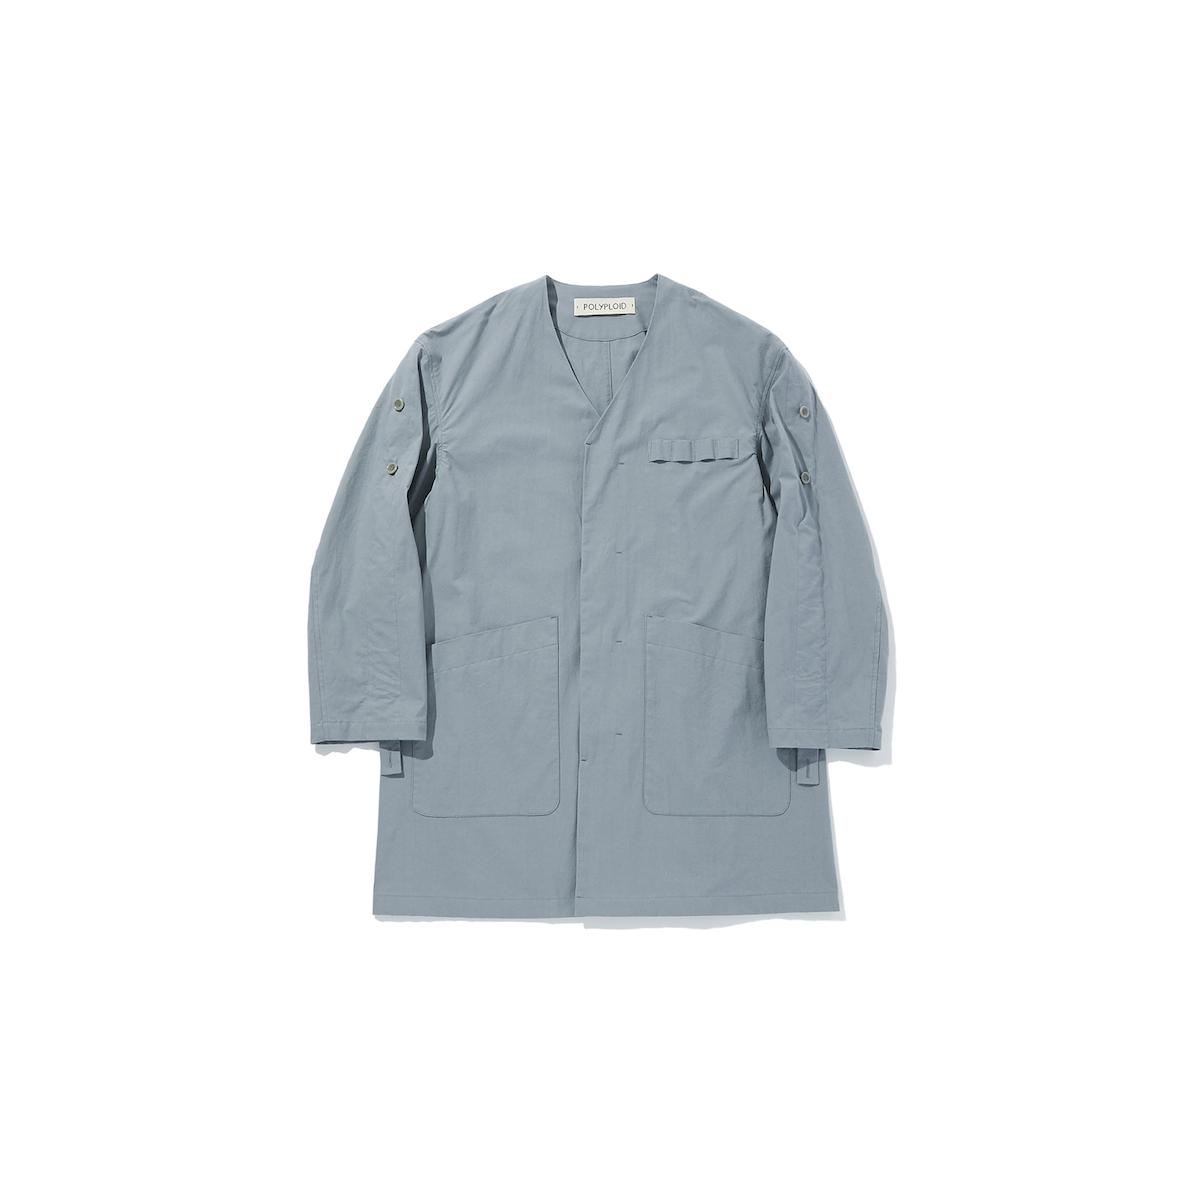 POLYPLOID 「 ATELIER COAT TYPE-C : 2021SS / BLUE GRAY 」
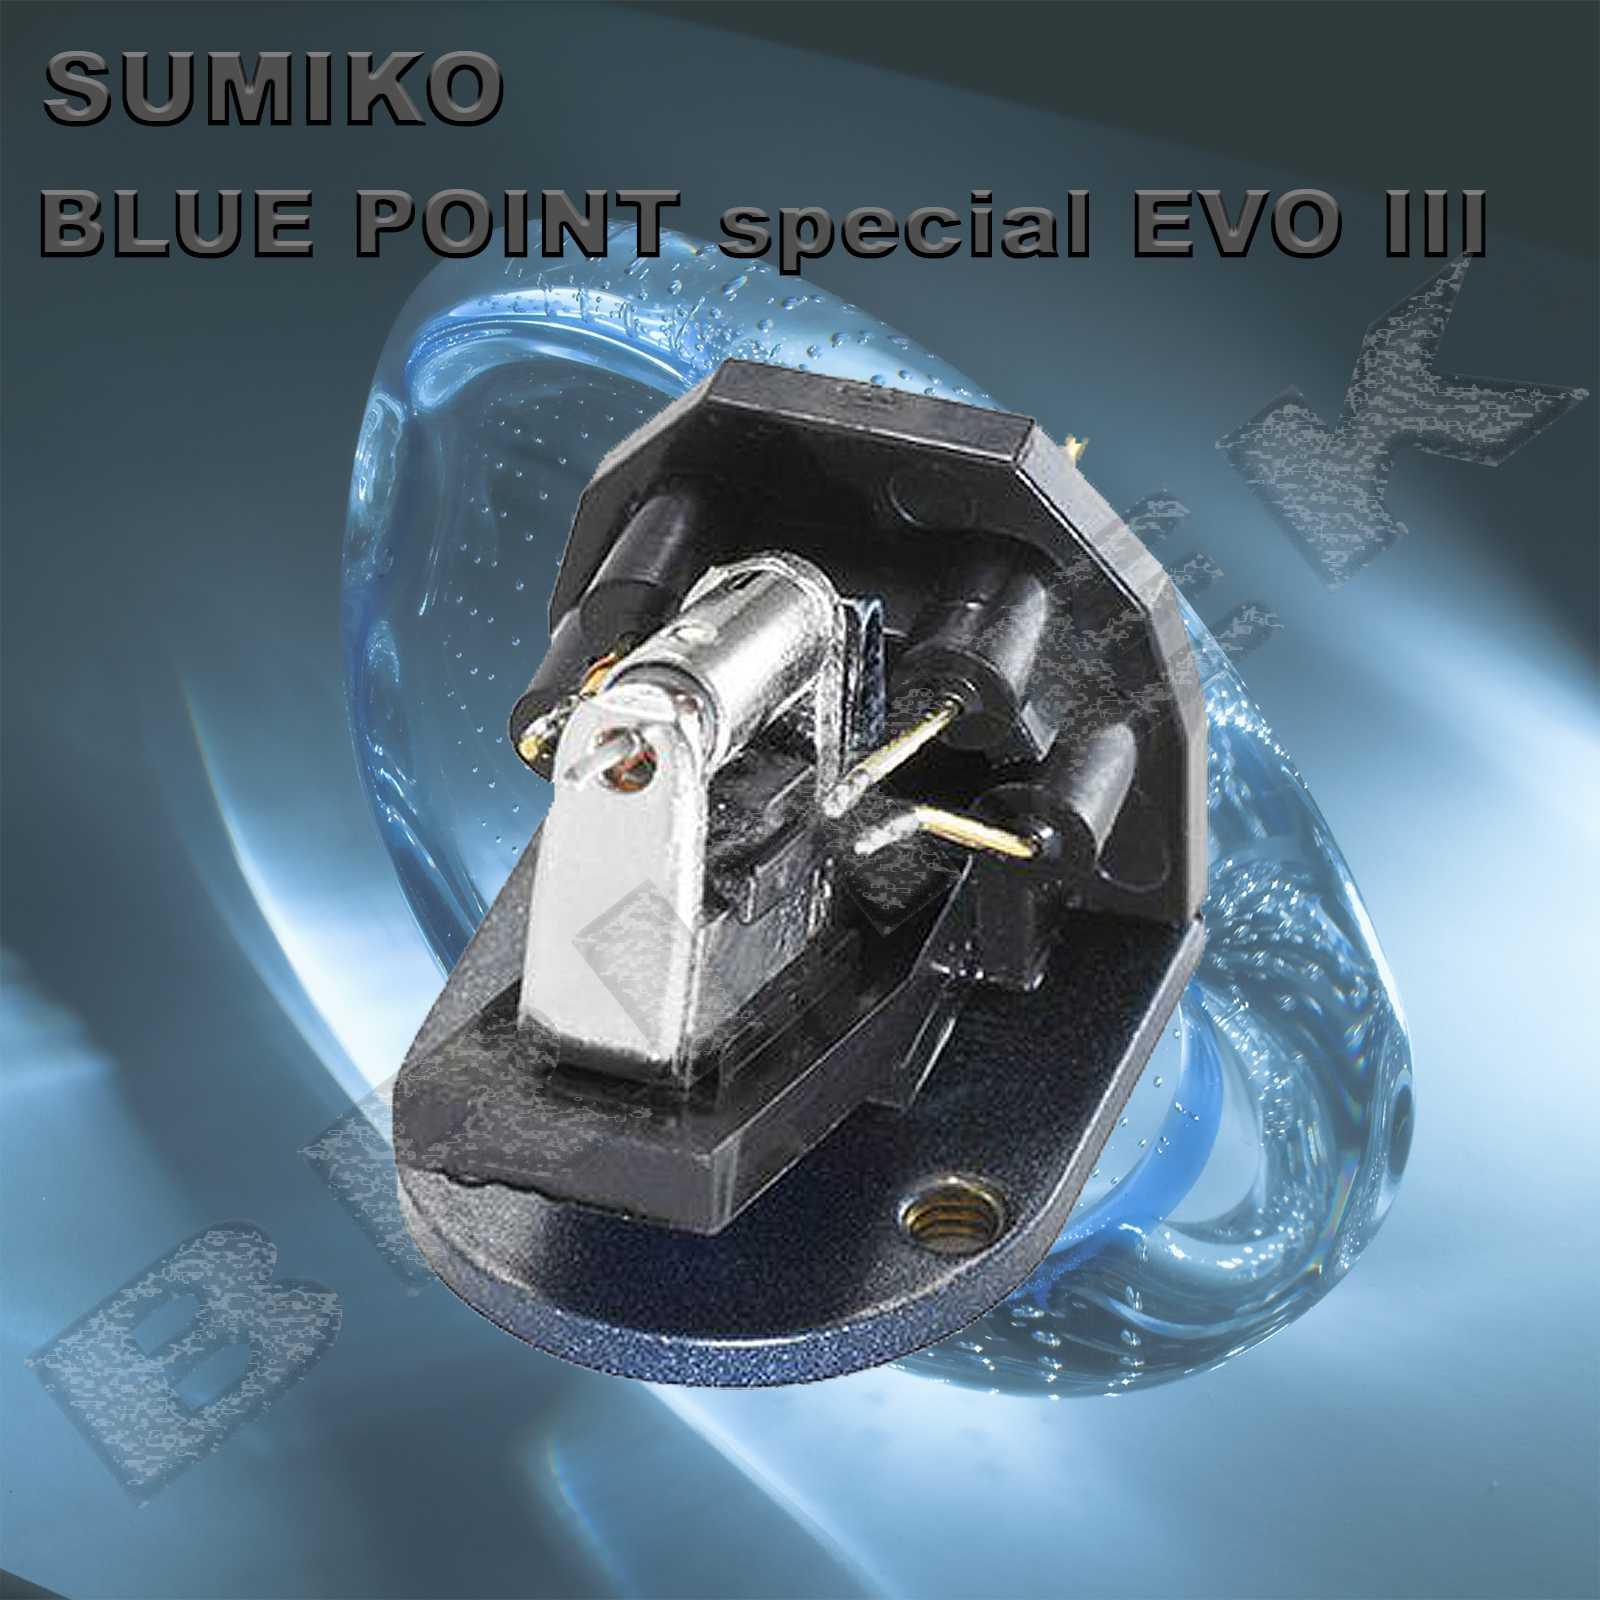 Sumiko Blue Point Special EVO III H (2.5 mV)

+ + + +

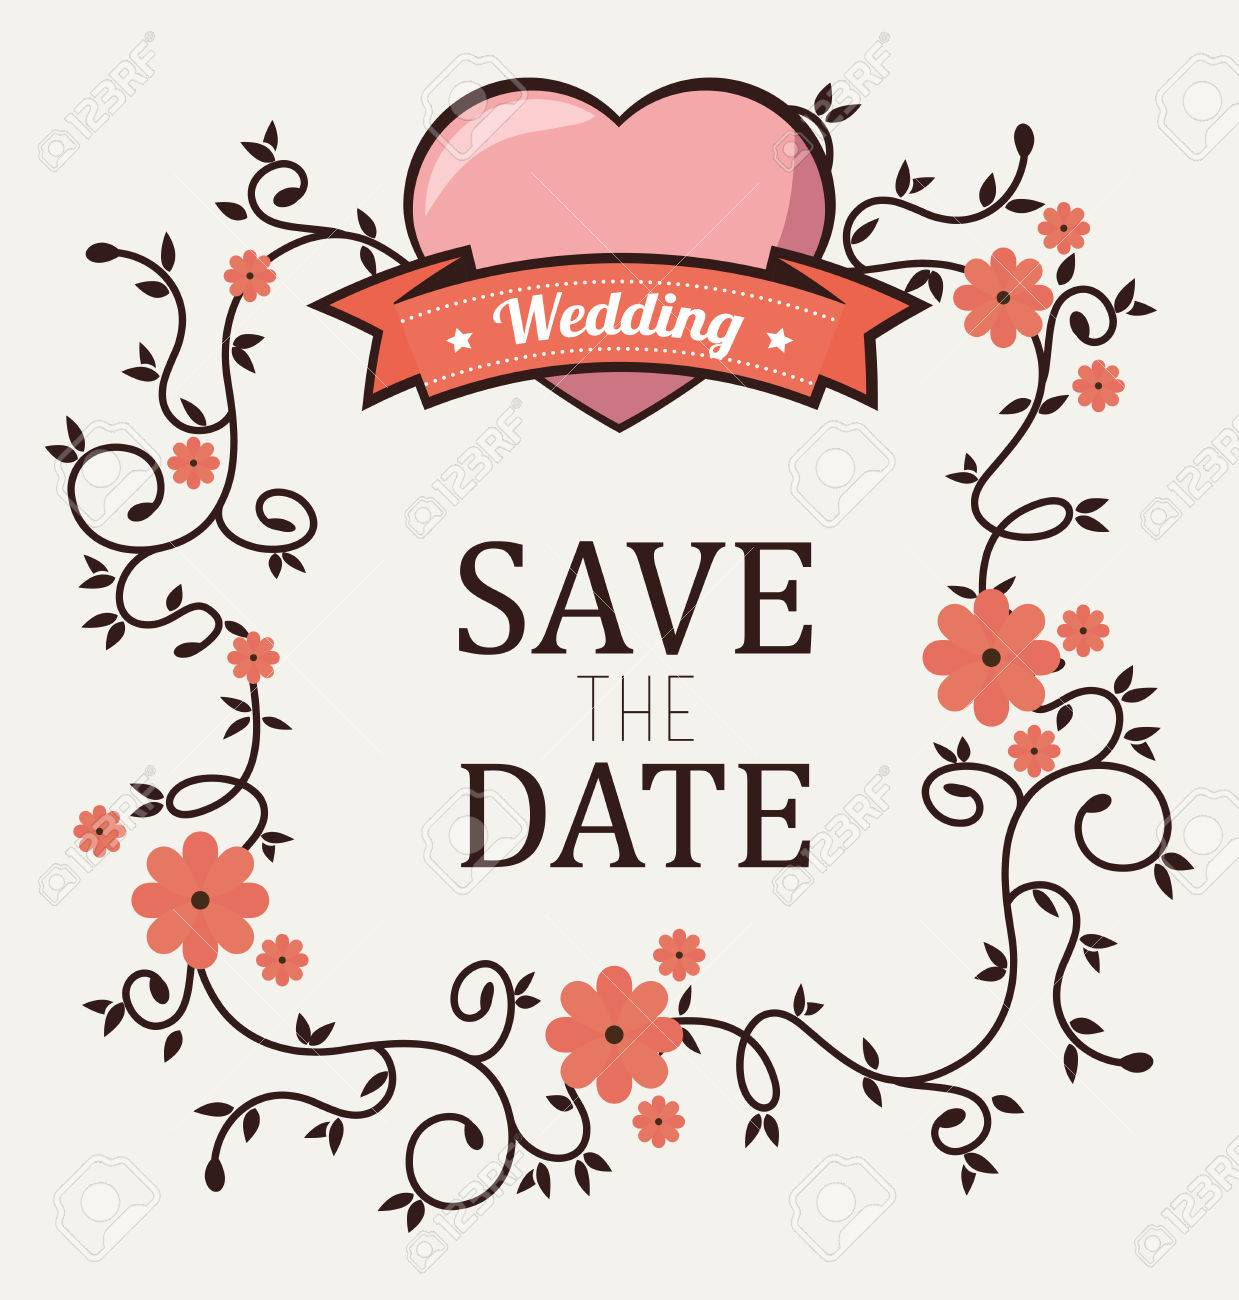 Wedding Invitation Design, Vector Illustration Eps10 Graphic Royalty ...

+ + + +

■ **Instructions to follow**
Where a picture appears in the records above, omit it, and transcribe exactly the stretch of lines from the one with "POLYPLOID 「 ATELIER" through the one with "Sumiko Blue Point Special EVO III H (2.5 mV)".

■ **Finished exercise**
 POLYPLOID 「 ATELIER COAT TYPE-C : 2021SS / BLUE GRAY 」
 Sumiko Blue Point Special EVO III H (2.5 mV)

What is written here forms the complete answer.